(PROVIDED RECORDS Opens)
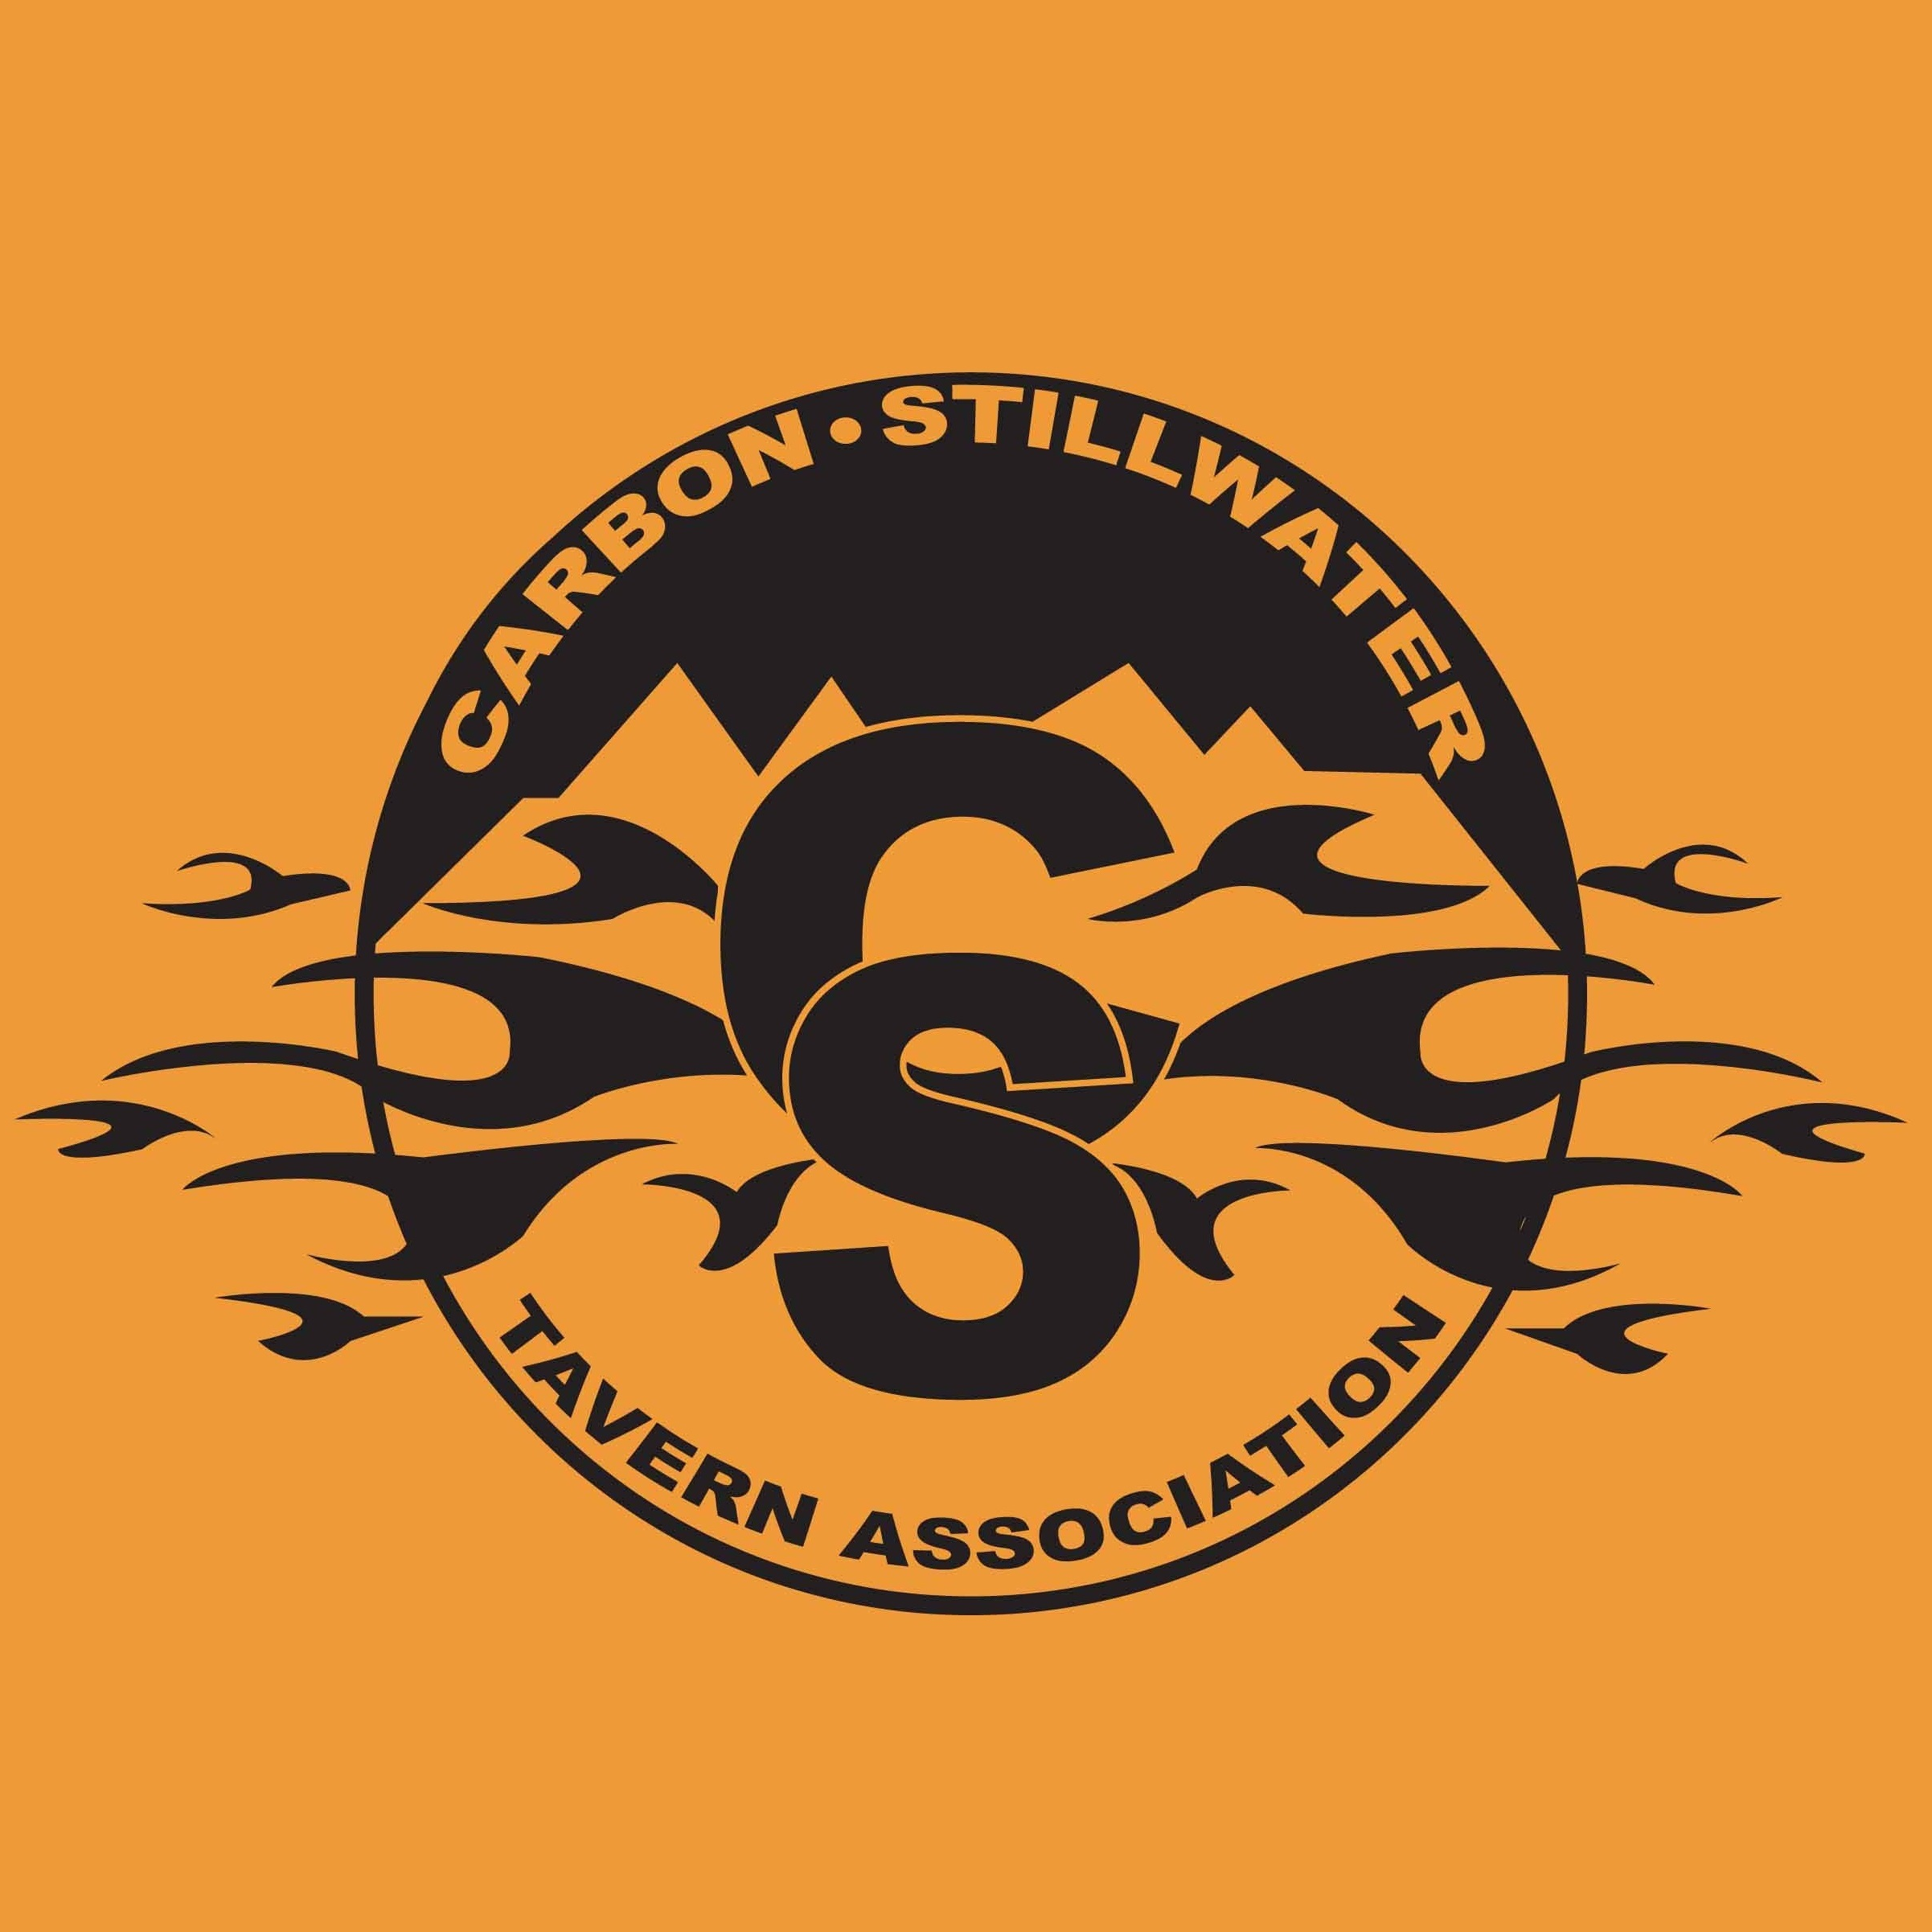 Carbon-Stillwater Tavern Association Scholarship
(PROVIDED RECORDS Closes)
(PROVIDED RECORDS Opens)
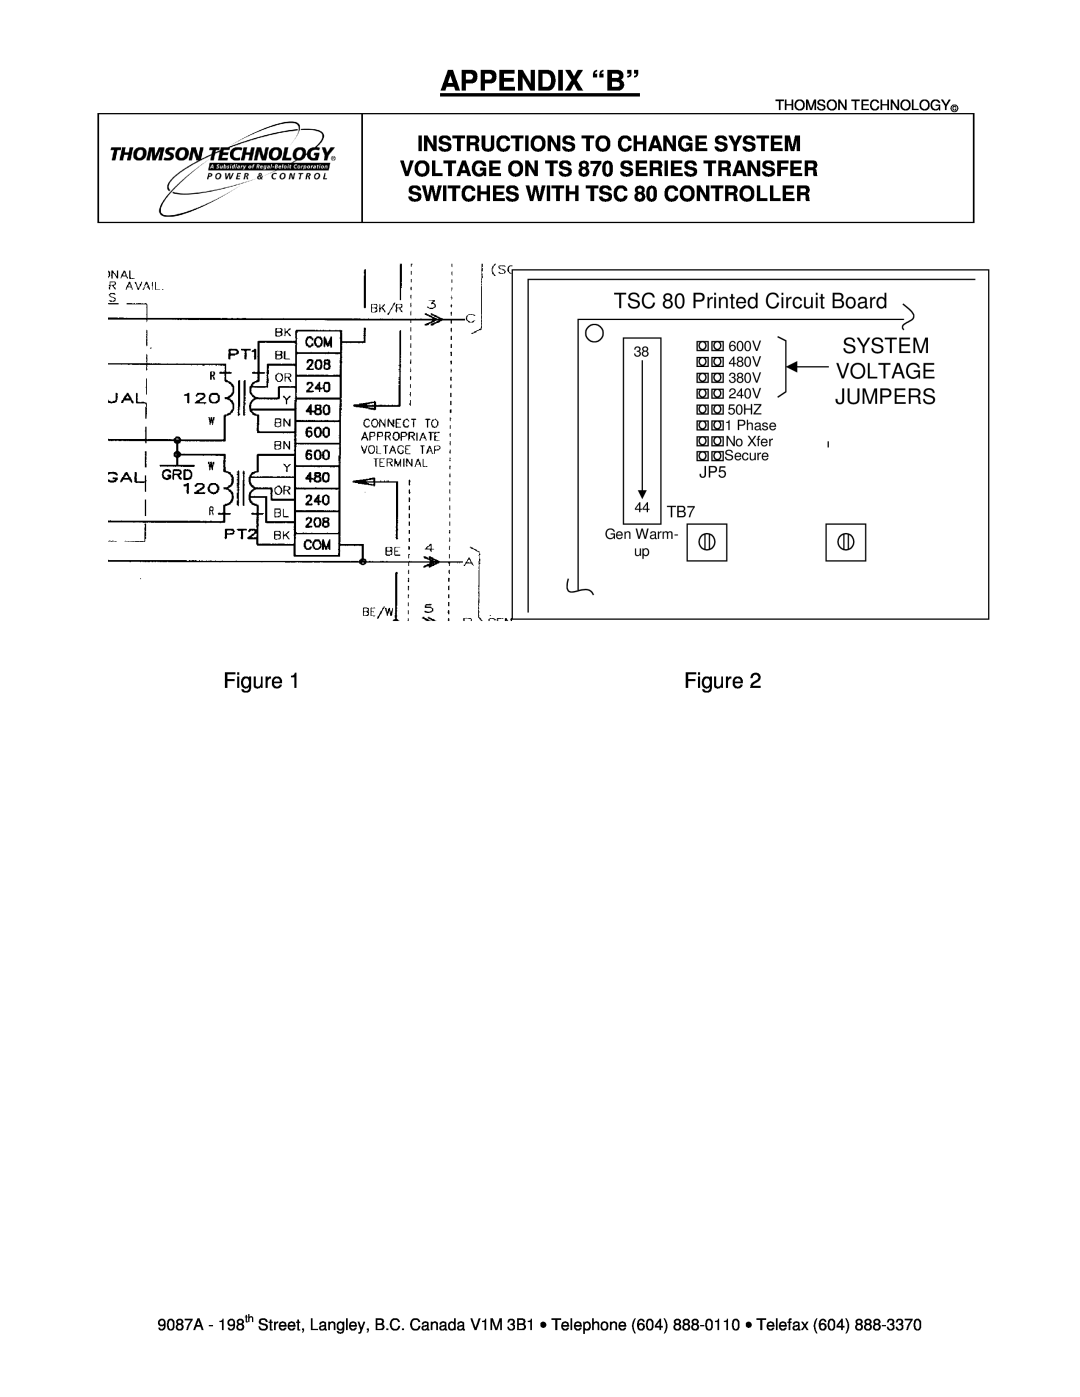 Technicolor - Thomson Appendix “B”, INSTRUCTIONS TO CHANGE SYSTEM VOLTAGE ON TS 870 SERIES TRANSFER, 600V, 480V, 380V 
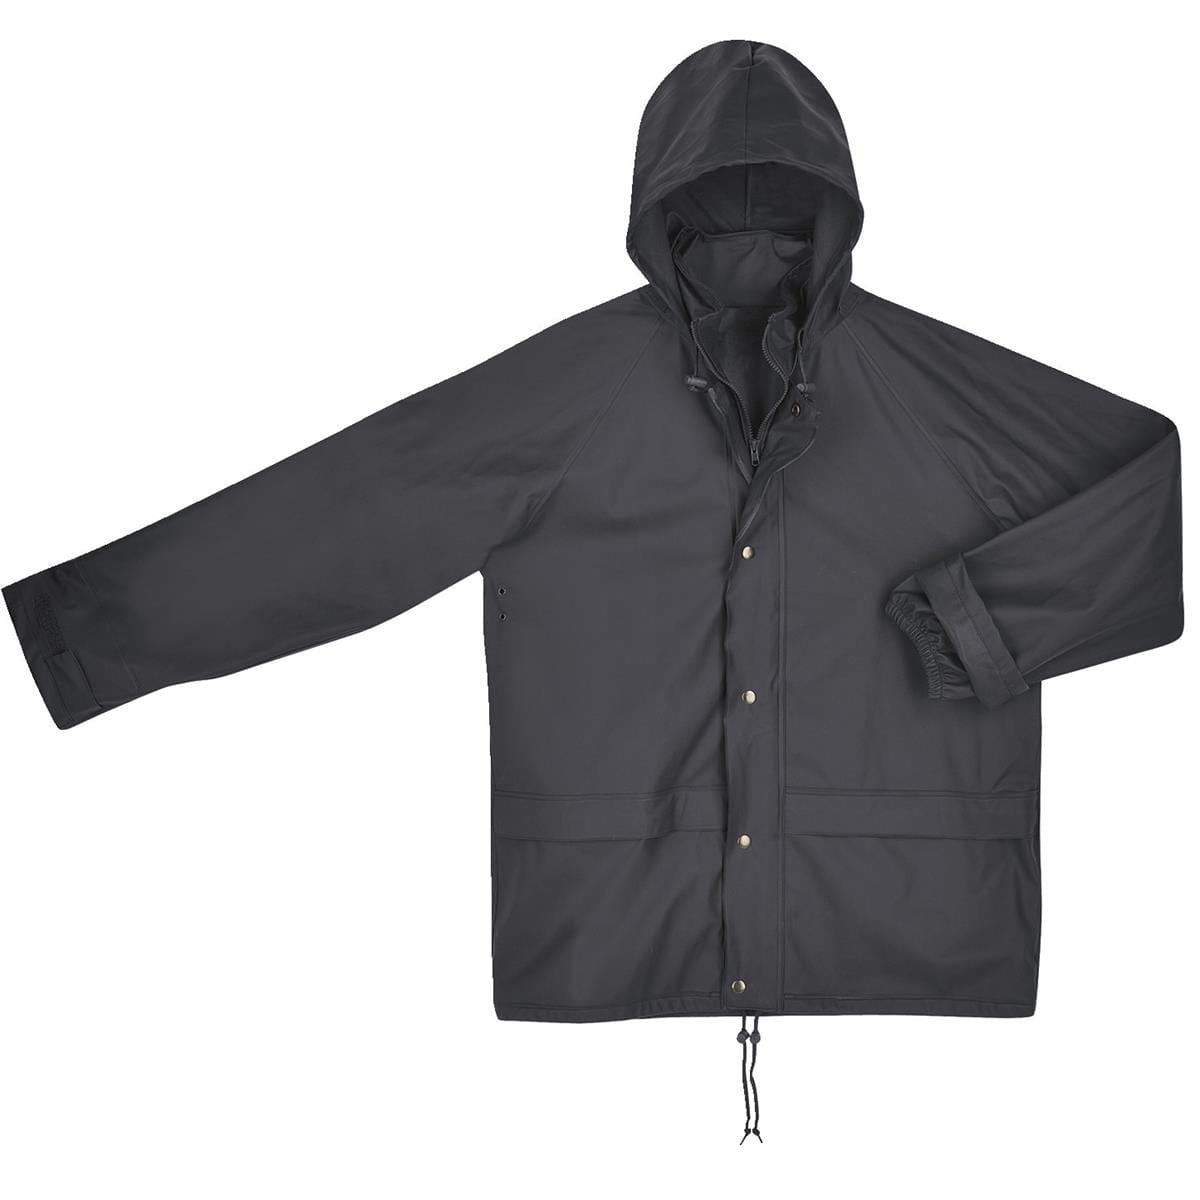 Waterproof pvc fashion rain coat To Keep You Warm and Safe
(PROVIDED RECORDS Closes)
(PROVIDED RECORDS Opens)
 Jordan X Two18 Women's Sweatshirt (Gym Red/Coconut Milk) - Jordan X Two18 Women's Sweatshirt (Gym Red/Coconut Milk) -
(PROVIDED RECORDS Closes)
**WORK ORDER**
From the records above, copy only the lines running from the line containing "Technicolor - Thomson" to the line containing "Waterproof pvc fashion", both ends included. Leave the pictures out.

**TASK SOLUTION**
 Technicolor - Thomson Appendix “B”, INSTRUCTIONS TO CHANGE SYSTEM VOLTAGE ON TS 870 SERIES TRANSFER, 600V, 480V, 380V 
 Waterproof pvc fashion rain coat To Keep You Warm and Safe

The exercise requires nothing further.